I have just finished a tour of the Prairies and canola is facing another major problem: the level of unharvested canola in Western Canada. Saskatchewan has the largest amount, with Alberta second and Manitoba third.
According to people I have talked to, as much as two million tonnes are still unharvested. They feel that we will need an unusually nice November in order to get that crop in. This will have to be watched, as it will have a significant impact on futures prices and on cash market basis levels.
Another market, other than wheat, that is seeing some unusual activity is the feed barley market, as prices have edged higher for the Western barley futures contract. The January contract has moved about $15 per tonne higher since setting its low in September. It is also interesting to note here that the CWB PRO for feed barley was left unchanged.
The only piece of positive news for barley that I could find was the fact that Chicago corn futures have seen a solid gain. However, the barley fundamentals, both globally and in Canada, are bearish.
The U. S. Department of Agriculture is forecasting the global barley crop at 147 million tonnes, up five million tonnes from last year. Cheap barley has been available from the Black Sea region, but that movement seems to be slowing.
Statistics Canada has pegged the Canadian crop at 9.1 million tonnes, but most of the trade feels the Canadian barley crop this year will be at least 9.5 million tonnes. This is down considerably from last year’s 11.7 million tonnes.
However, offsetting this is the fact that demand is falling as dried distillers grains with solubles (DDGS) have displaced about 20-30 per cent of the barley in livestock rations for much of this winter. Total demand for barley is expected to be about nine million to 9.5 million tonnes, well below last year’s 10.5 million.
As a result, 2009-10 Canadian barley ending stocks are expected to range from 2.8 million to 3.2 million tonnes, up from last year’s 2.8 million tonnes. This is a burdensome supply.
This suggests that barley prices should be falling and that we could see barley futures down to the $120 level, instead of at the $160 level (January futures) we are seeing today.
Once again it seems the barley market is defying logic and that something seems to be happening that suggests fundamental factors are changing.

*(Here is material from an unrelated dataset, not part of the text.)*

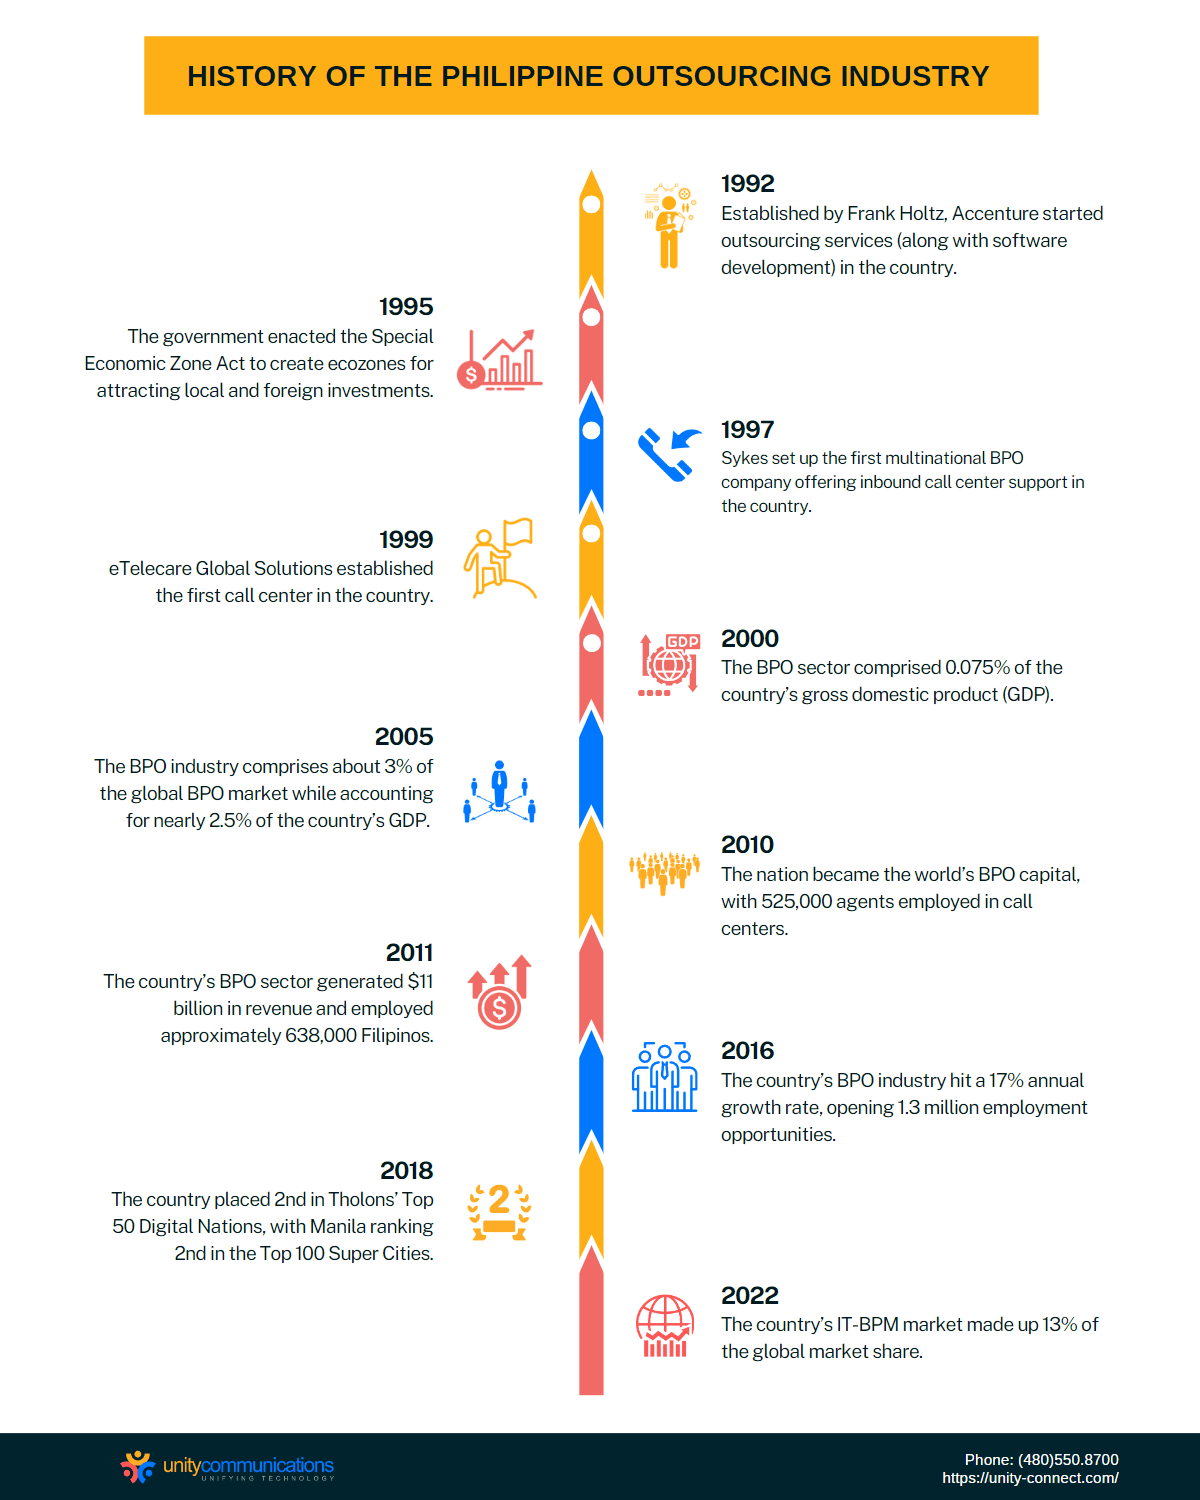 TimeLine Infographic - History of the Philippine Outsourcing Industry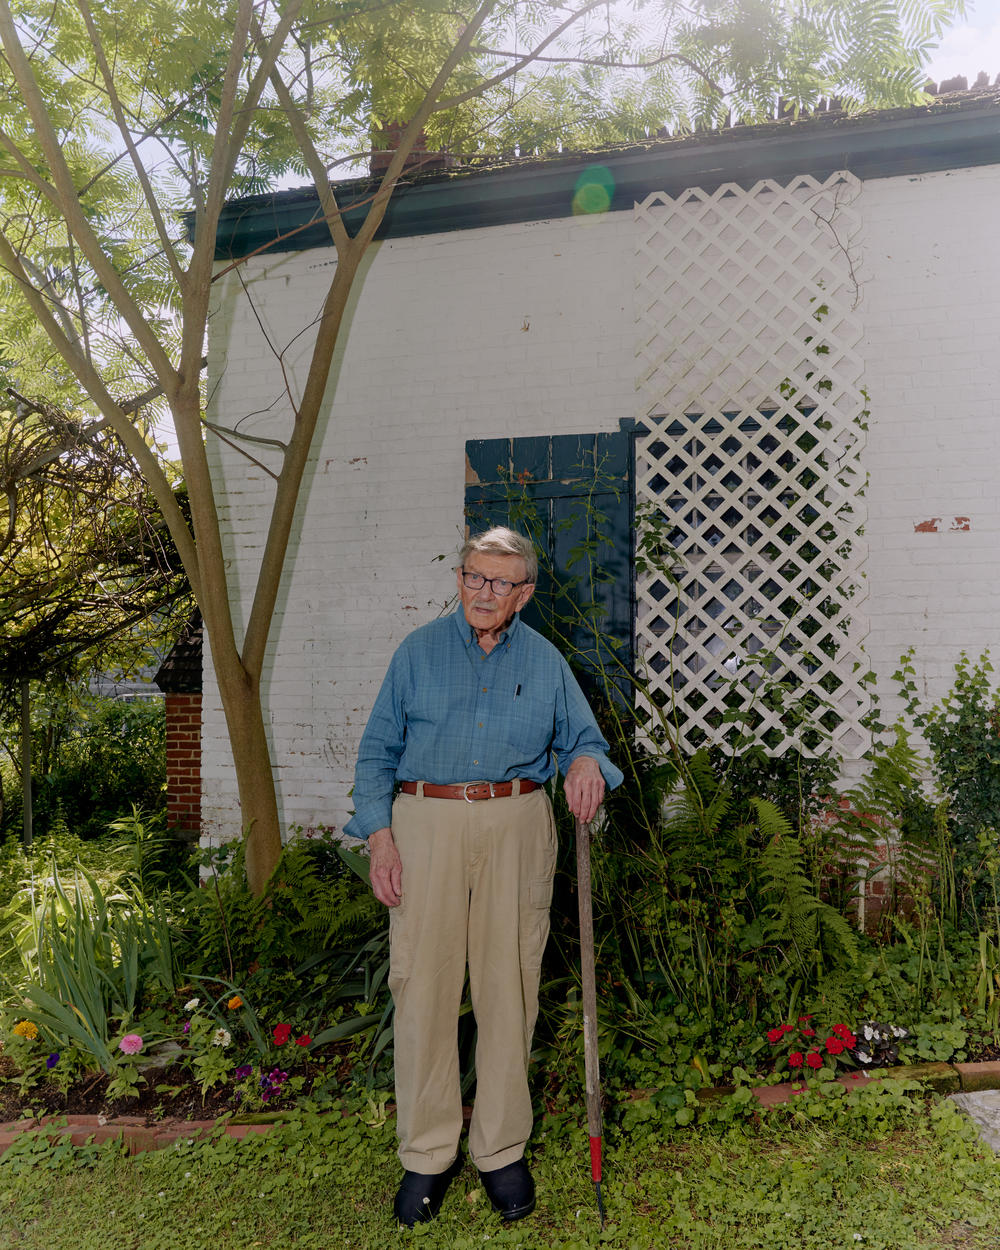 Brown poses for a portrait outside his home.

Should this market climb above $170 per tonne, that would confirm that something has changed.
It is interesting to note that the CWB PROs did lower select barley prices by $4 per tonne while leaving feed barley unchanged. This reflects the oversupply in the malt barley market. In Europe, feed barley and malt barley prices are the same, with the big premium in the malt barley market in 2007 having totally evaporated.
This reflects large crops in Europe and Australia and also reflects falling demand as the global recession has cut into beer demand, particularly in developing nations such as Brazil and China.
Canadian farmers are lucky that the CWB is able to command a premium in the domestic market, which is keeping select barley at a premium as the export market price fades. The expectation is that the export malt premium will continue to fall against feed.
However, the recent price moves in both wheat and feed barley have analysts scratching their heads. Just a few months ago, analysts were predicting a crash in these markets to the dismal lows of 2005.
– Don Bousquet is a well-known market analyst
and president of Resource News International (RNI), a Winnipeg company specializing in grain and commodity market reporting.